## THE TASK
Your output should be the complete listing, word for word, with no pictures in it.

## DATA SECTION
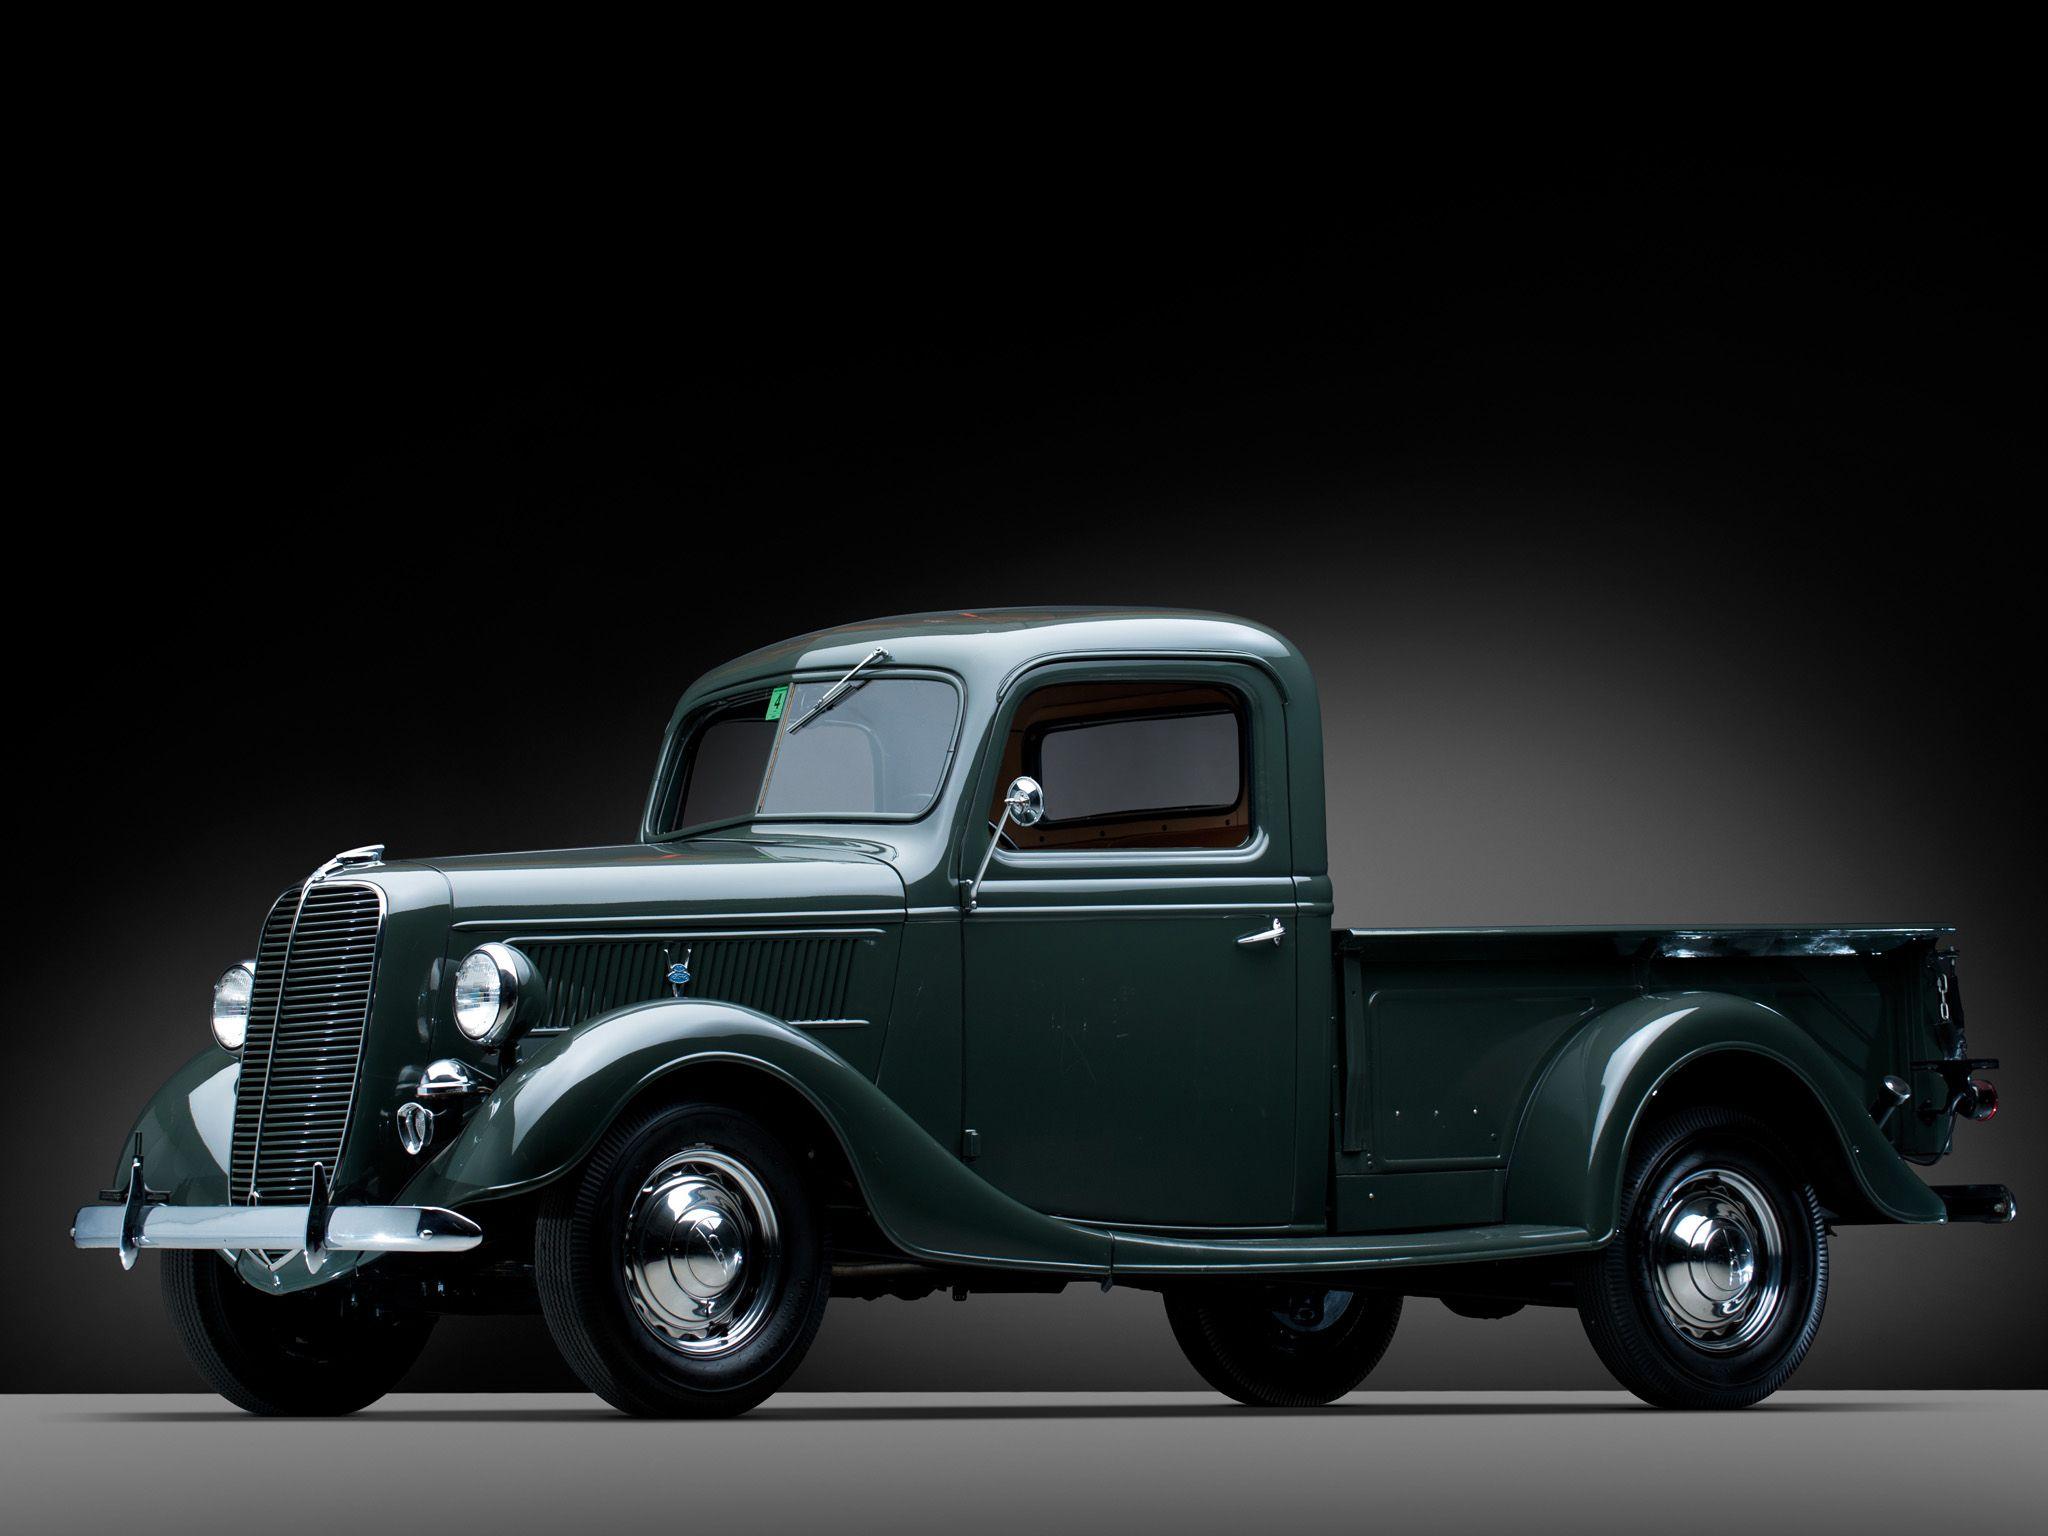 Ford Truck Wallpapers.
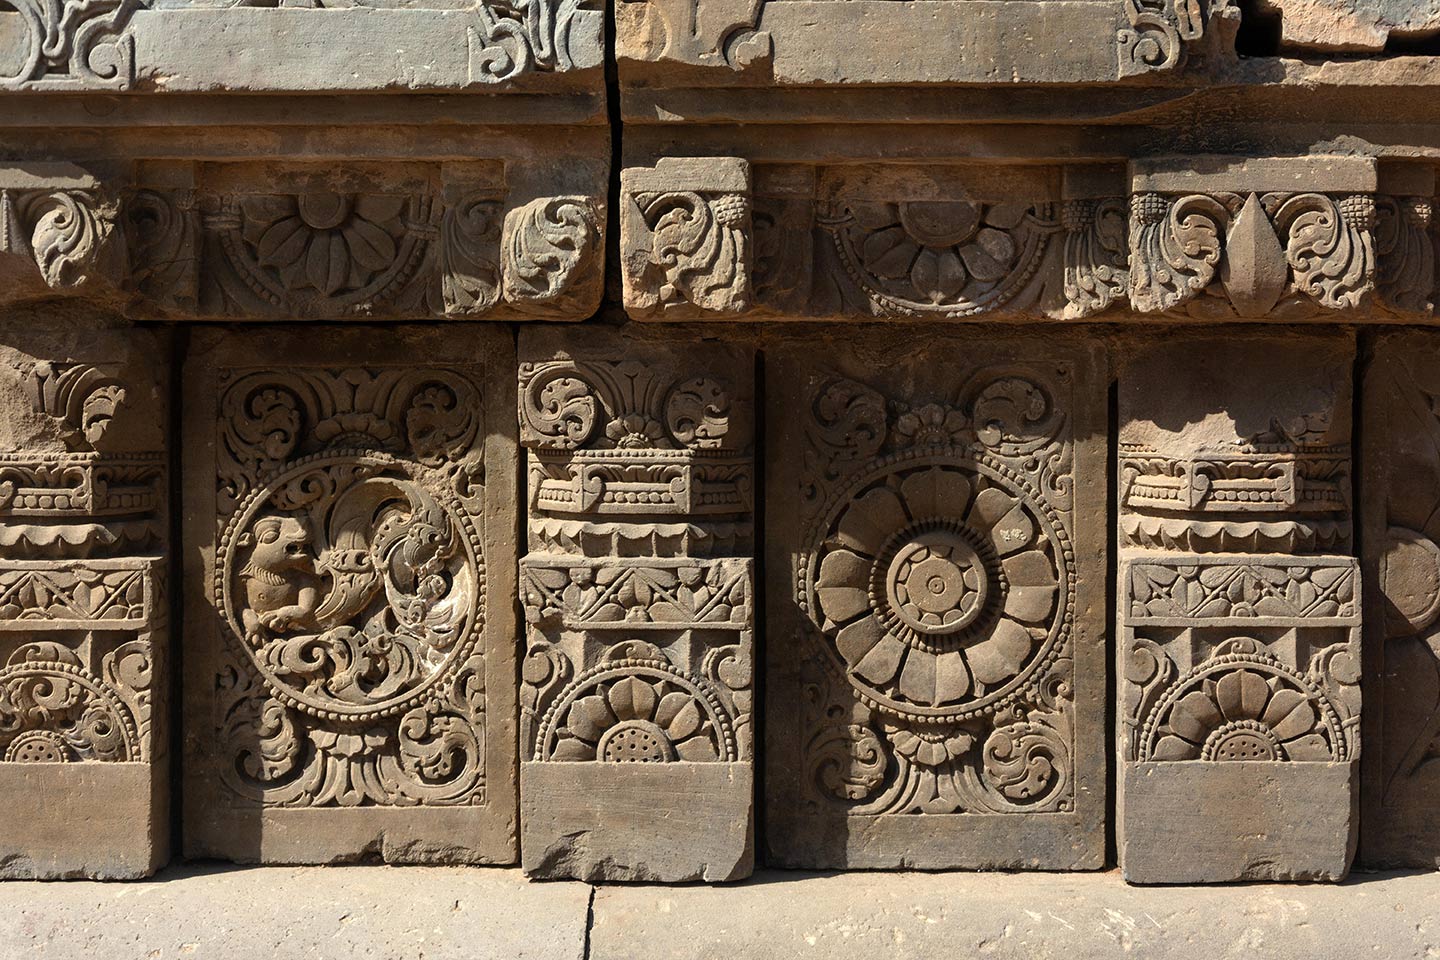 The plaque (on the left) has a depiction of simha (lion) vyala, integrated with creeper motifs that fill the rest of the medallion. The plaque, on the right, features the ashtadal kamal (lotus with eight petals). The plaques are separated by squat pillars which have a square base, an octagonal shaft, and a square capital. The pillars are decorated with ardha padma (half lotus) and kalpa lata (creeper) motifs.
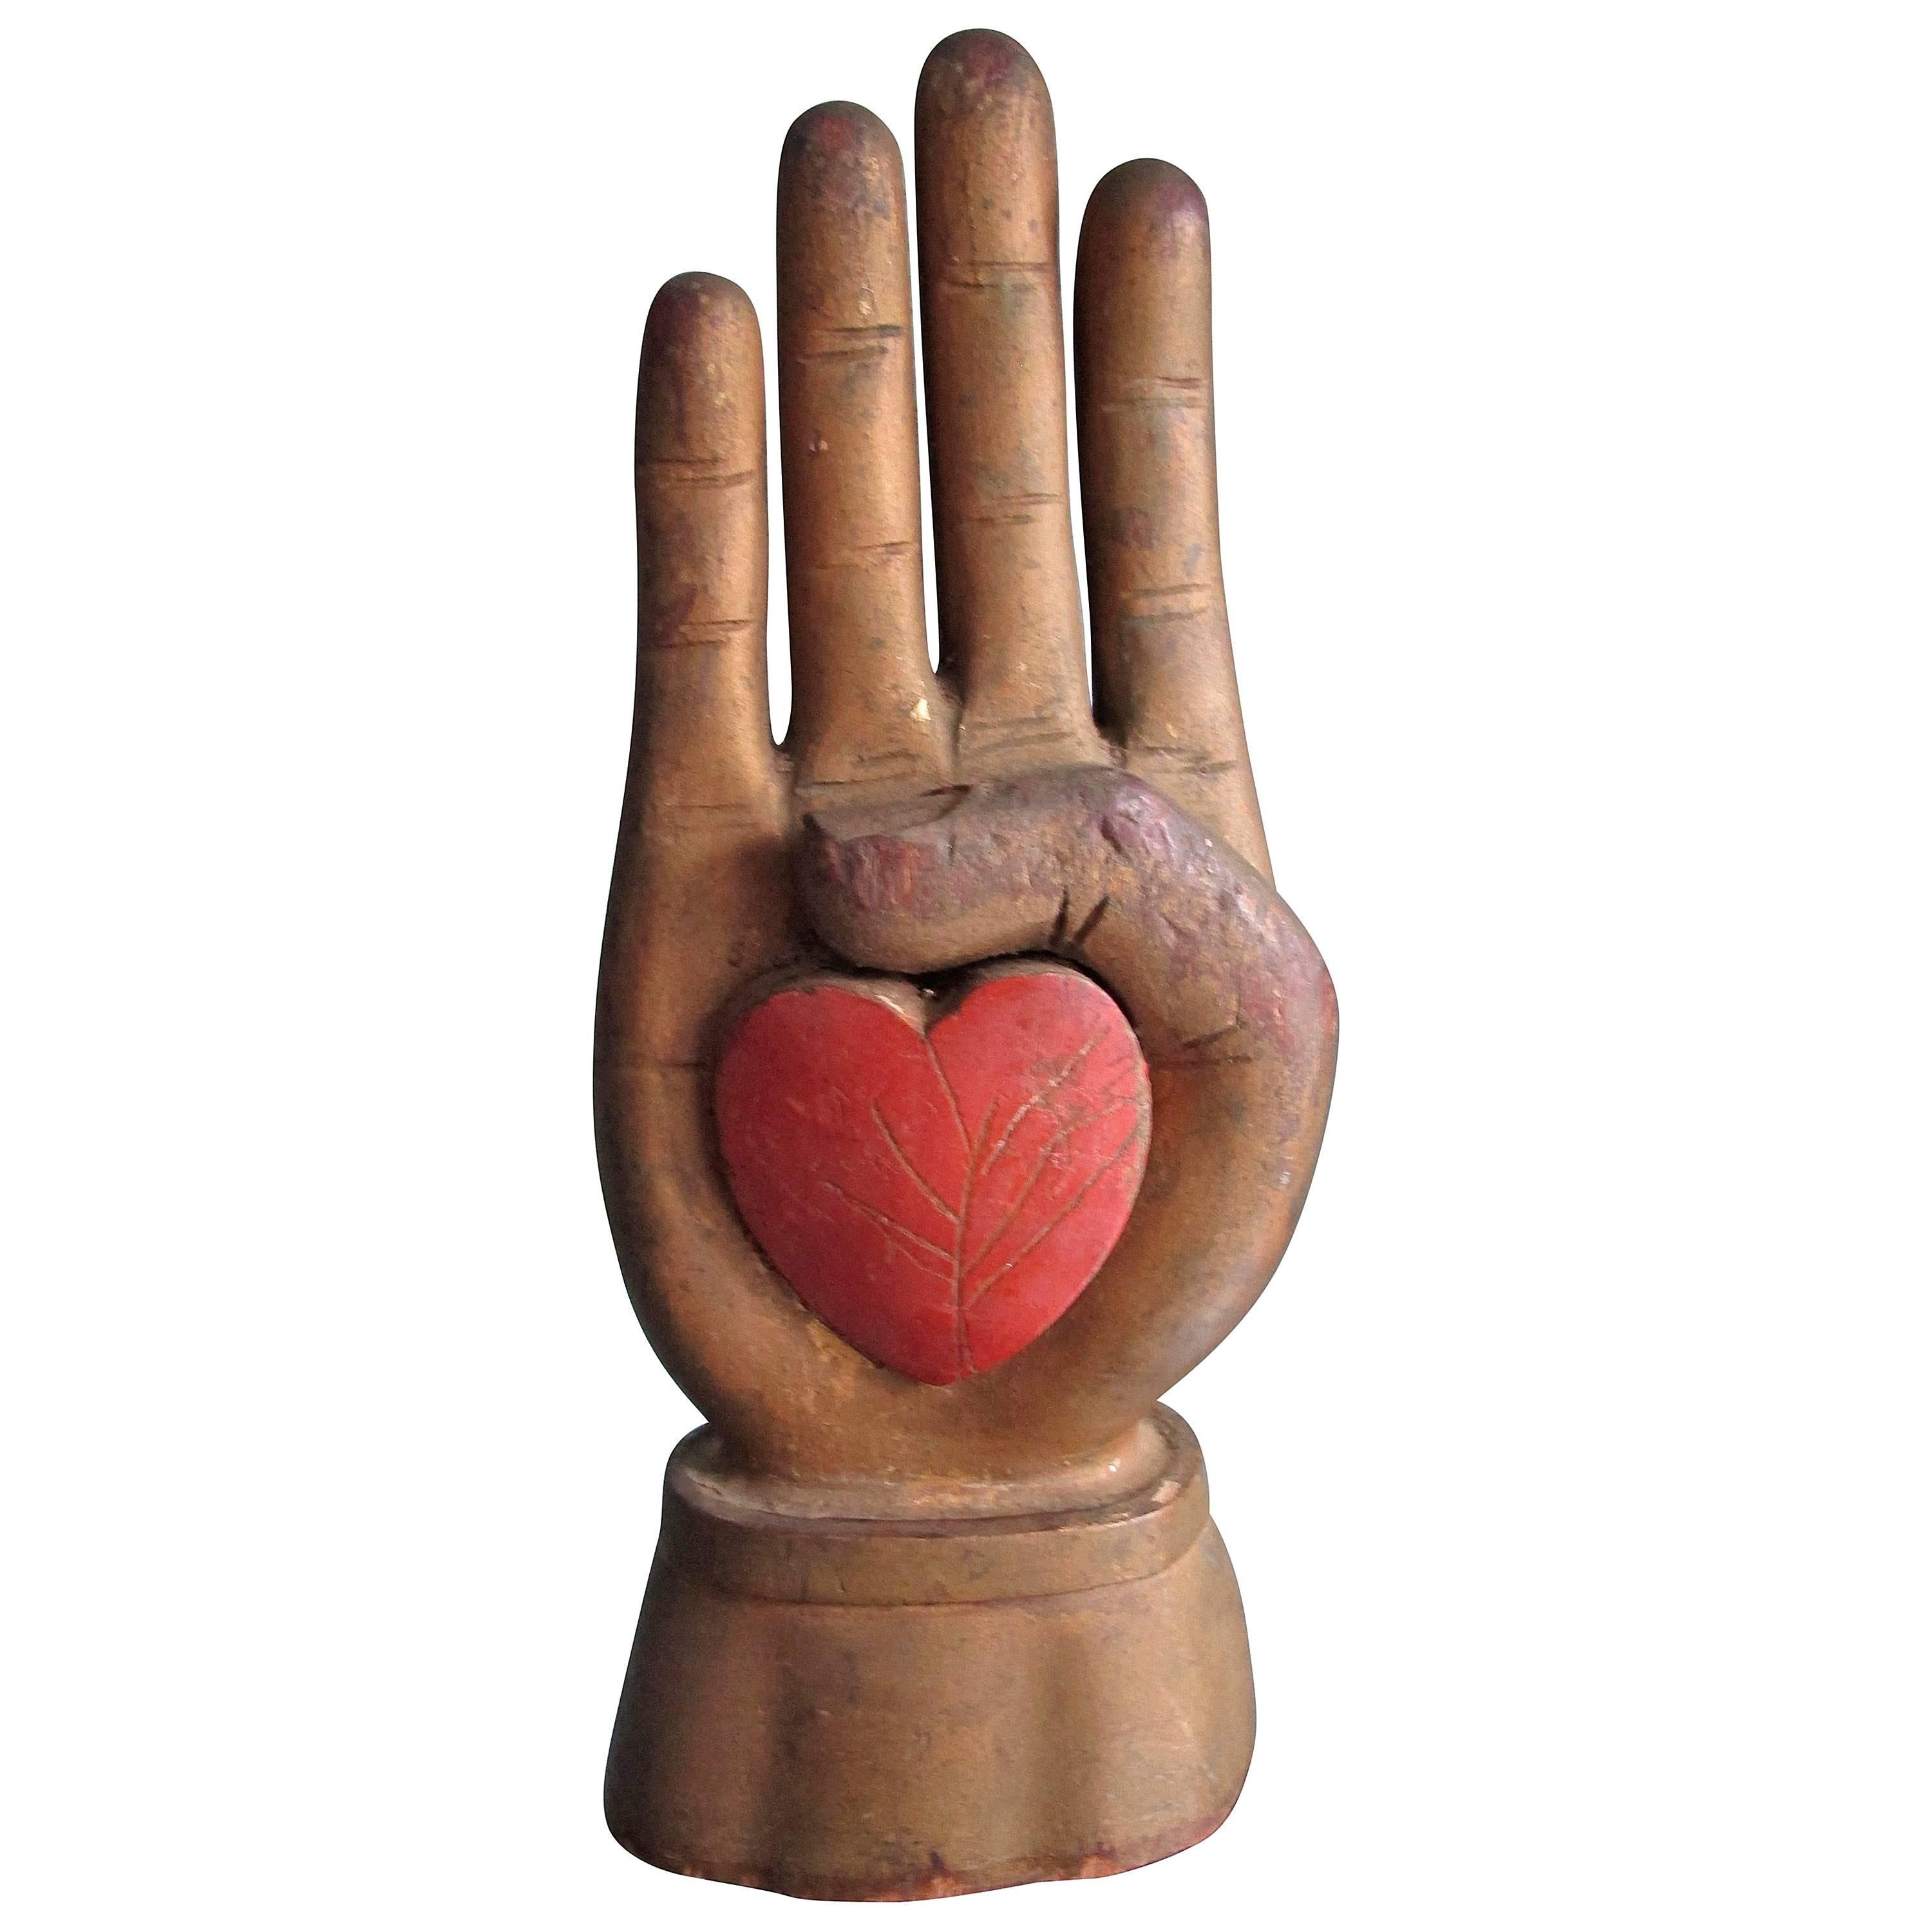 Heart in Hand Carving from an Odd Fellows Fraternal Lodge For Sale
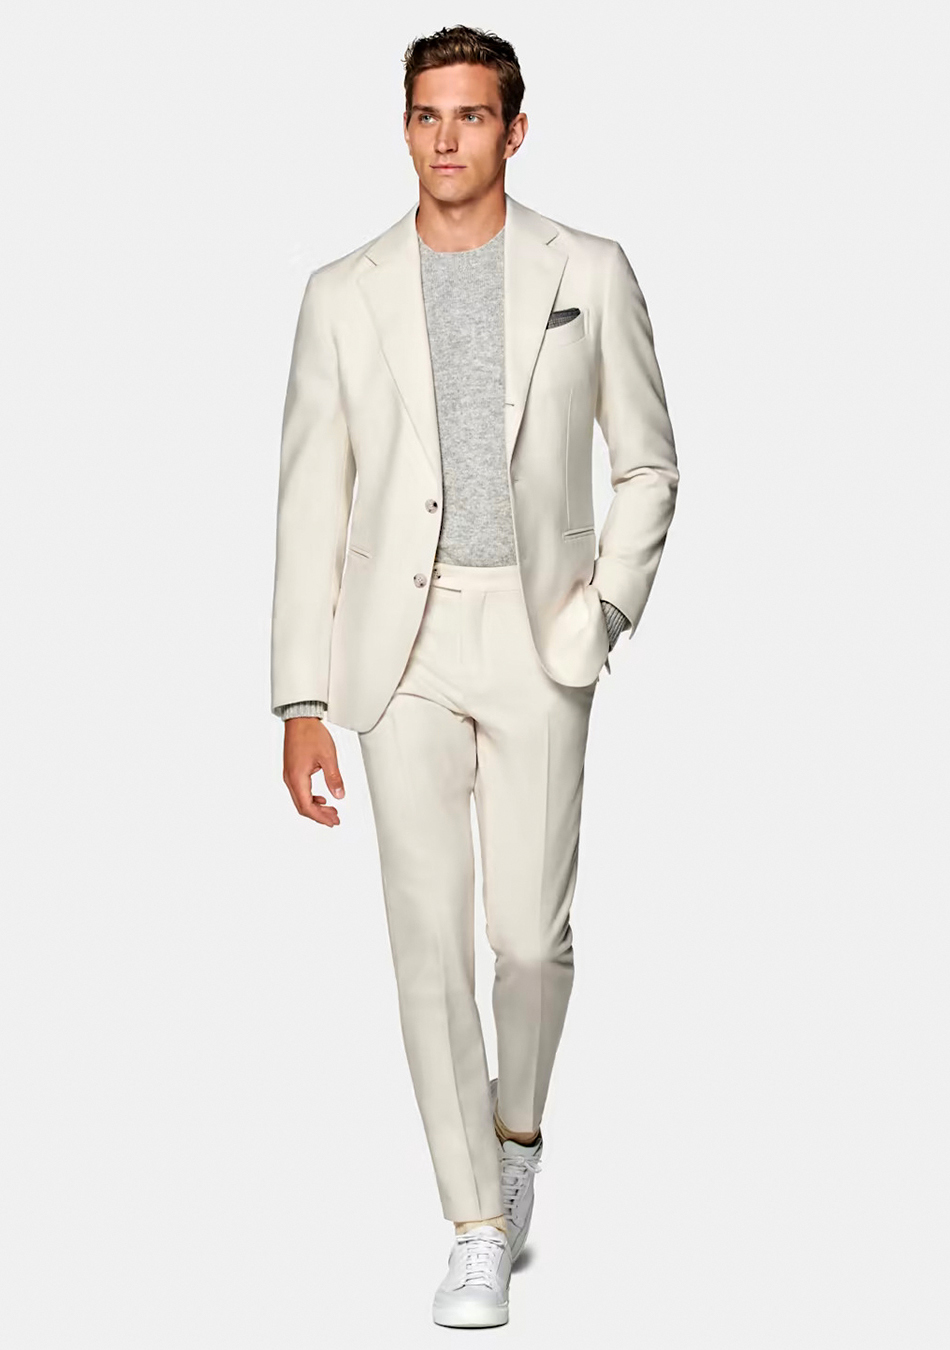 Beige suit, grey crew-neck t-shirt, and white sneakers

## WRITTEN REPLY
 Ford Truck Wallpapers.
 The plaque (on the left) has a depiction of simha (lion) vyala, integrated with creeper motifs that fill the rest of the medallion. The plaque, on the right, features the ashtadal kamal (lotus with eight petals). The plaques are separated by squat pillars which have a square base, an octagonal shaft, and a square capital. The pillars are decorated with ardha padma (half lotus) and kalpa lata (creeper) motifs.
 Heart in Hand Carving from an Odd Fellows Fraternal Lodge For Sale
 Beige suit, grey crew-neck t-shirt, and white sneakers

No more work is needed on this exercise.